Before we turned 30, Clark and I were both determined to be in the best shape of our lives. We loved running and working out together and had made a pledge to be at our peak physical fitness by our 30th birthdays. We wanted to be healthy, sure, but there was some visual motivation to look good too!

That year leading up to my 30th birthday brought on challenges I could have never imagined. I was determined to work hard for that killer bod, but something was going wrong. I just couldn’t keep up. My body wasn’t working the way it was supposed to.

2 days before my 30th birthday, instead of celebrating my new rock hard abs, I sat in a neurologists office and learned that I had Multiple Sclerosis. My body was failing.  I struggled to climb a set of stairs. Some days I could hardly hold my body weight upright. I had lost muscle mass and my body was failing me. I was thin, but I didn’t care. That didn’t matter anymore. I can remember turning to Clark and uttering the words, “I’d do anything for a good body.”

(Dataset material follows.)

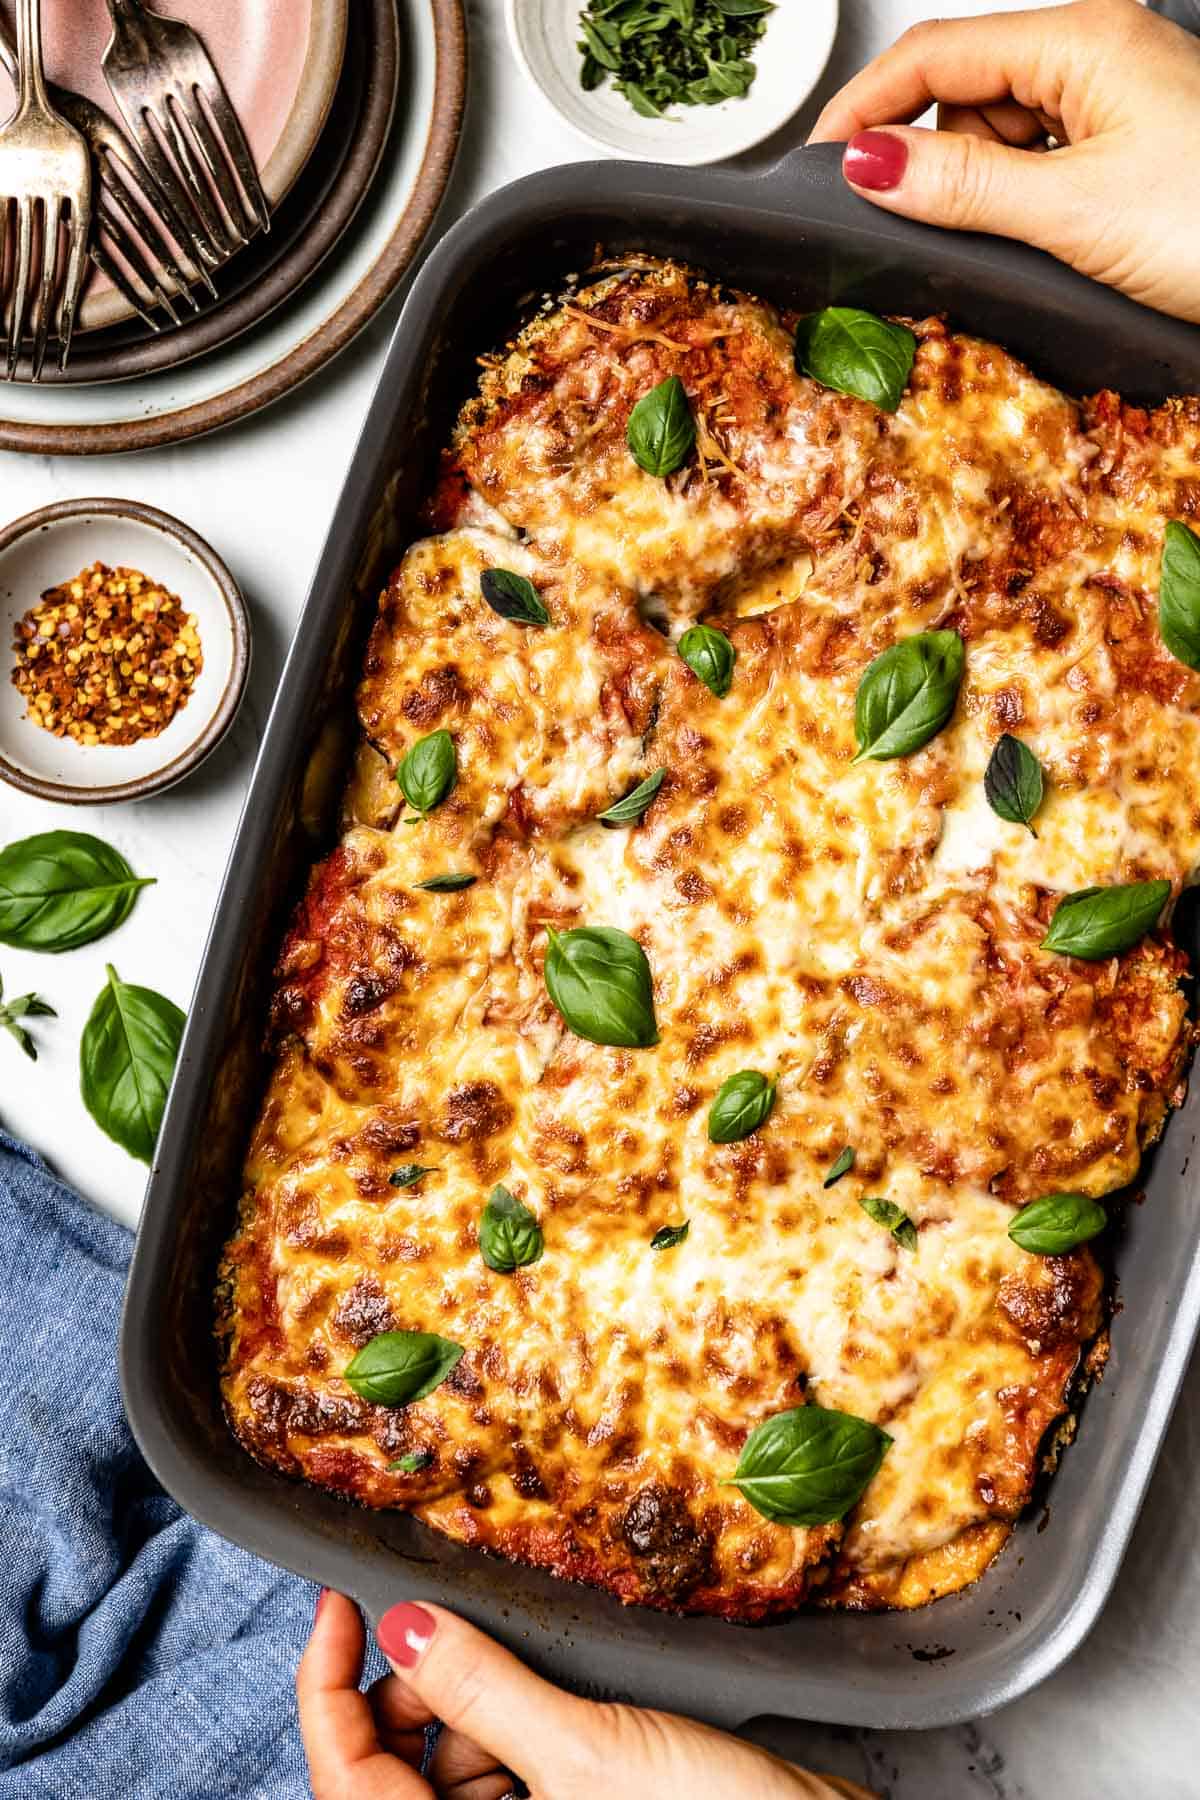 Easy baked eggplant parmesan in a casserole dish from the top view.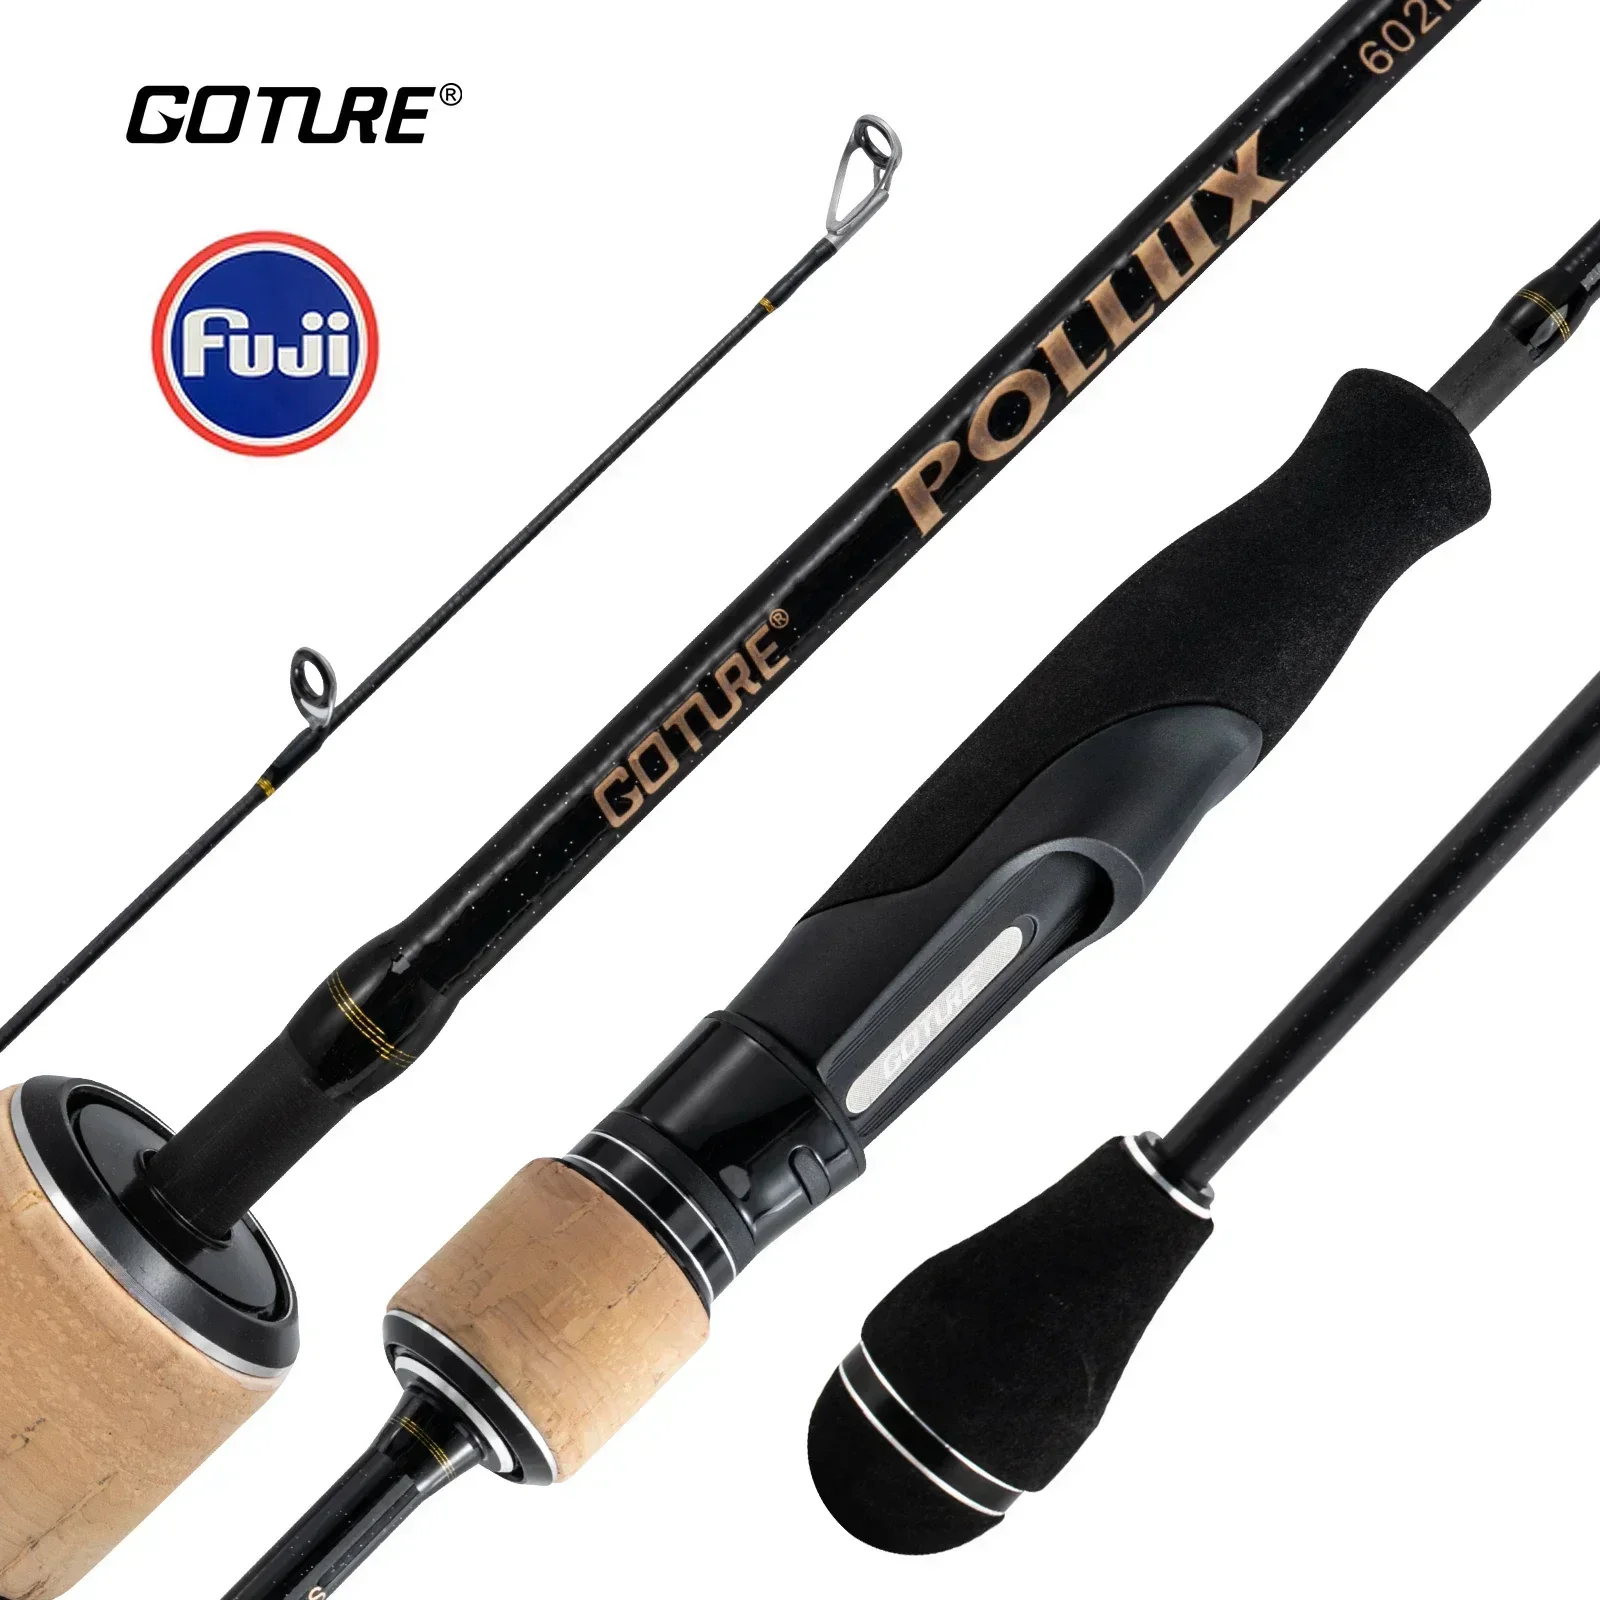 

Goture Pollux Slow Fast Boat Rod 100%Fuji Guide Ring Jigging Fishing Rod 1.83m 1.98m Spinning/Casting ML M MH Action Sea pole

Not thin thighs. I needed strong legs that could carry me. 
Not sculpted abs. I needed a frame that could hold me.
Not limited food. I needed nutrition that would fuel me.
I just wanted a good body. Like, an actual good body. 

Today my eyes darted across the room to my reflection in the mirror. The edge of my lips turned up into a smile as I looked confidently at my reflection. I was unbothered by the imperfections reflected back at me. Today I was determined to find strength. Strength to walk. Strength to live. Strength to be. I want a good body. A strong, capable body that won’t fail me. A nourished, healthy body that will carry me through the day. I’ll do anything for a good body, but that’s means something completely different to me today than it once did. 

There are so many days now I wish I could go back to that 14 year old girl who abused and destroyed the body she had. I wish I could go back and help her see how awesome she could feel, and even look, if she fuelled her body for the life she really wanted to live. I wish the years I had with a good body were better used. If only I knew then what I know now.  

Let’s change what a “good body” means and do whatever it takes to keep our bodies good for as long as we can. You in?